Chic – Le Freak

(Chewy Rubs ‘Future Freak Edit)

New York, New Year’s Eve 1977
Nile Rodgers and fellow co-founder of Chic  Bernard Edwards have just received a phone call from Grace Jones.

Jones insists the pair come see her perform at Studio 54 that very same night.  They should tell the bouncer that they are ‘personal friends of Grace Jones’. A few hours later, the 25 year old Nile Rodgers and Bernard Edwards inch their way towards the back door of the iconic club as per her instructions.

 Nile announces to the bouncer that he and Edwards are ‘personal friends of Grace Jones’. 

The bouncer was not convinced.

Despite only having released a couple of records, the duo caught Jones’ attention. A voice purred down the telephone line that Nile describes as a cross between Marlene Dietrich and a pot pourri of every major star,

Hello darling, this is Grace Jones.

After several failed attempts, the disheartened pair head back to Nile’s nearby apartment. Nile grabs his guitar and the pair start jamming a song which they call ‘Aaahhh, fuck off!’- a musical retort to the bouncer.

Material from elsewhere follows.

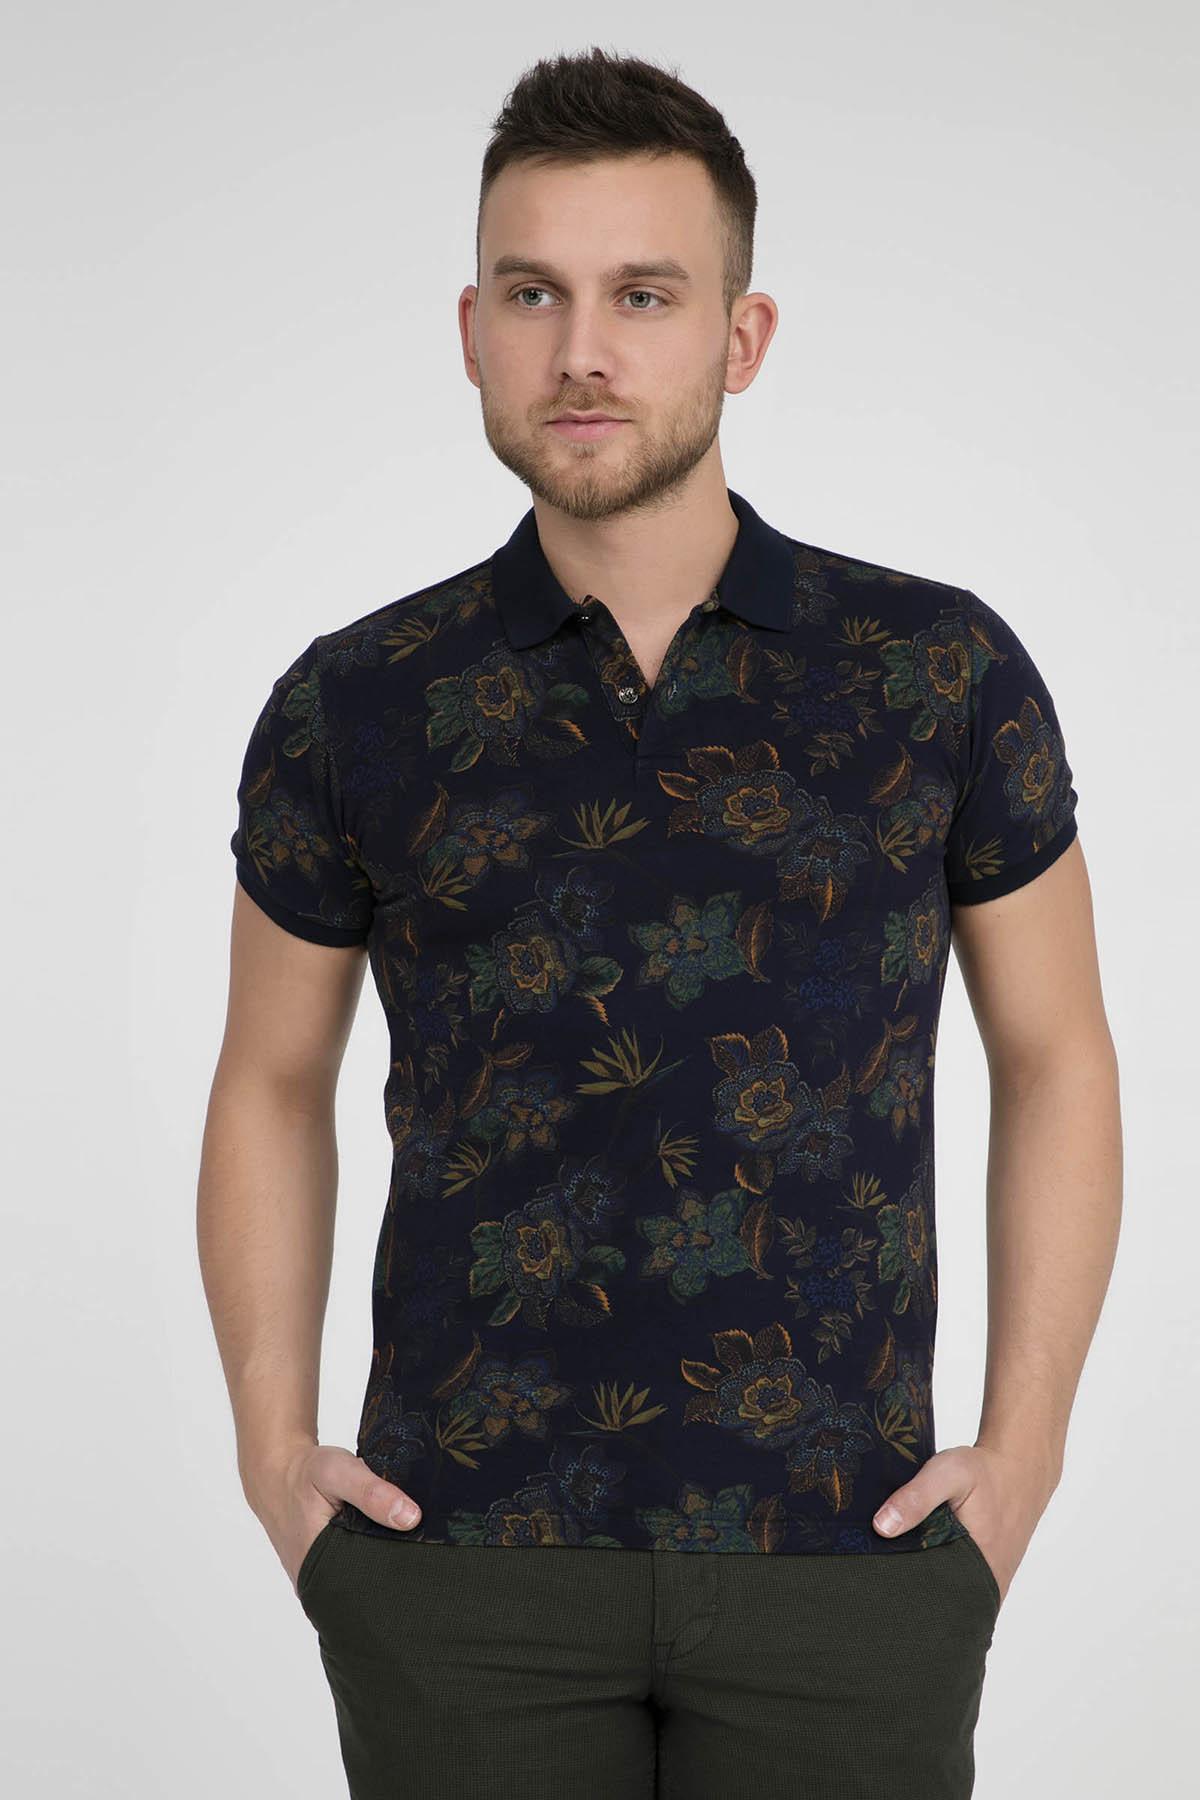 ETRO Erkek Lacivert T-Shirt 1Y040 4070 202 1

As the song developed Nile changed the title to ‘Freak Off’, a more radio-friendly alternative.

After some more thought Rodgers decided to jump onto the new dance craze spreading through New York called ‘The Freak’.

So he changed it to a positive song about the dance and ‘Le Freak’ is born.

Have you heard about the new dance craze?
It’s called ‘Le Freak’, they’re doing it night and day
Just come on down to the fifty four
Find your spot out on the floor.

“We were so pissed off at what had happened. I mean, it was Studio 54, it was NewYear’s Eve, it was Grace Jones, and we were wearing the most expensive outfits that we had — back then, in the late ’70s, our suits must have cost us a couple of thousand bucks each, and our really fancy shoes had got soaked trudging through the snow.

“So ‘Fuck Off’ was a protest song, and we actually thought it was pretty good – It had a vibe. I was thinking ‘This could be the anthem of everybody who gets cut off on the street by a cab driver or any kids who want to say this to their parents.’ You know, ‘Hey, I wasn’t saying it, man! I was just playing the record.’ 

“We really had pretty big designs on completing the song as ‘Fuck Off’. You’ve got to remember, we didn’t think of that prior to sitting down and playing. Once we did sit down and play and started singing that hook, it sounded good; just as good as ‘freak out’. In fact, had we not come up with ‘fuck off’ we would never have written ‘Freak Out’ and some other song would have been our big hit record. 

Bernard and I usually wrote the hook of a song first, and then once we felt we had a chorus that would pay off, the rest of the song would follow. So, that night we actually converted it to ‘freak out’. That was part of the process that first night. First, we changed it from ‘fuck off’ to ‘freak off’, and that was pretty hideous.

We were singing it and just stumbling over ‘freak off’, because it was so lame by comparison. Then, all of a sudden it just hit me. For one second the light bulb went on and I sang ‘Aaaaahh, freak out!’